The article also mentioned scenes in the same film in which Thurman is spat on as well as choked with a chain which Tarantino said was the actress’s idea, and he compared it to Kruger’s death scene in Inglourious Basterds.

“I was the one on the other end of the chain and we kind of only did it for the close-ups. And we pulled it off. Now, that was her (Thurman’s) idea.

“When I did Inglourious Basterds, and I went to Diane (Kruger), and I said, look, I’ve got to strangle you.

“Diane said, yeah sure. She even said on film in an interview, it was a strange request but by that point I trusted Quentin so much that, sure.”

The Pulp Fiction director told Deadline that Thurman’s crash was “the biggest regret of my life”.

He said he had not considered the driving shot on the Mexico set to be a stunt at the time, before Thurman lost control of the Karmann Ghia sports car and crashed into a palm tree.

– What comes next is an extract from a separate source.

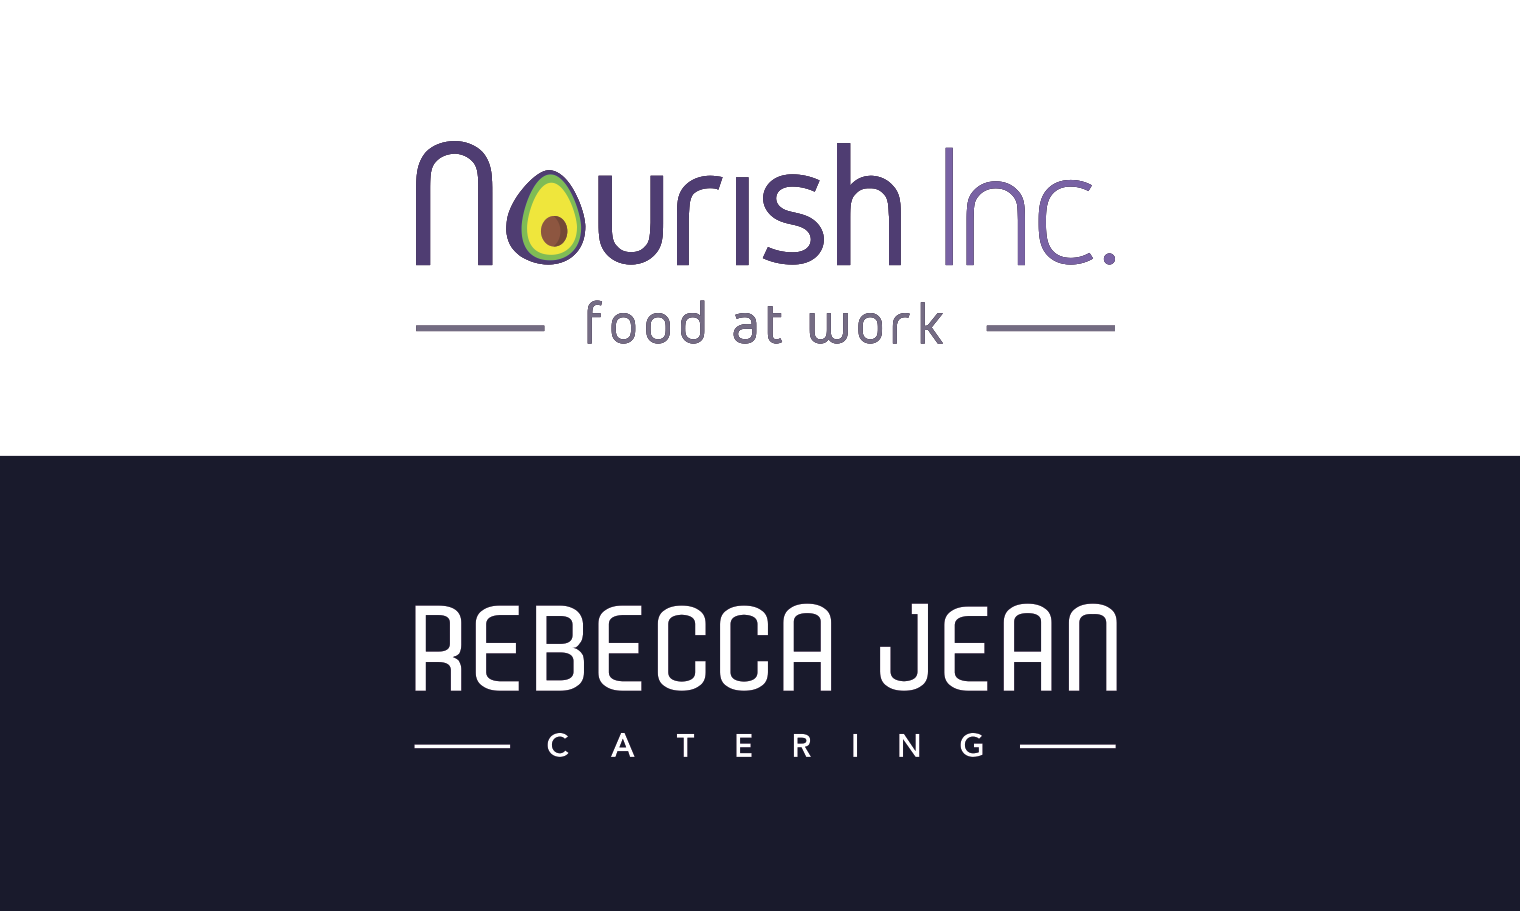 Rebecca Jean Catering Inc

“I am guilty, for putting her in that car, but not the way that people are saying I am guilty of it,” he said.

He said he knew the New York Times piece was happening, adding: “Uma and I had talked about it, for a long period of time, deciding how she was going to do it.”

Thurman has since posted video of the car crash on Instagram, writing that she does not believe Tarantino withheld it maliciously, and they are now on good terms.

Tarantino said he did the drive himself to test the road was safe but when Thurman did the shot she drove in the opposite direction.

A spokeswoman for Weinstein said the producer acknowledged making “an awkward pass 25 years ago at Ms Thurman in England after misreading her signals”.

She said he “immediately apologised”, adding: “Her claims about being physically assaulted are untrue.”

He is considering legal action, his lawyer Ben Brafman said.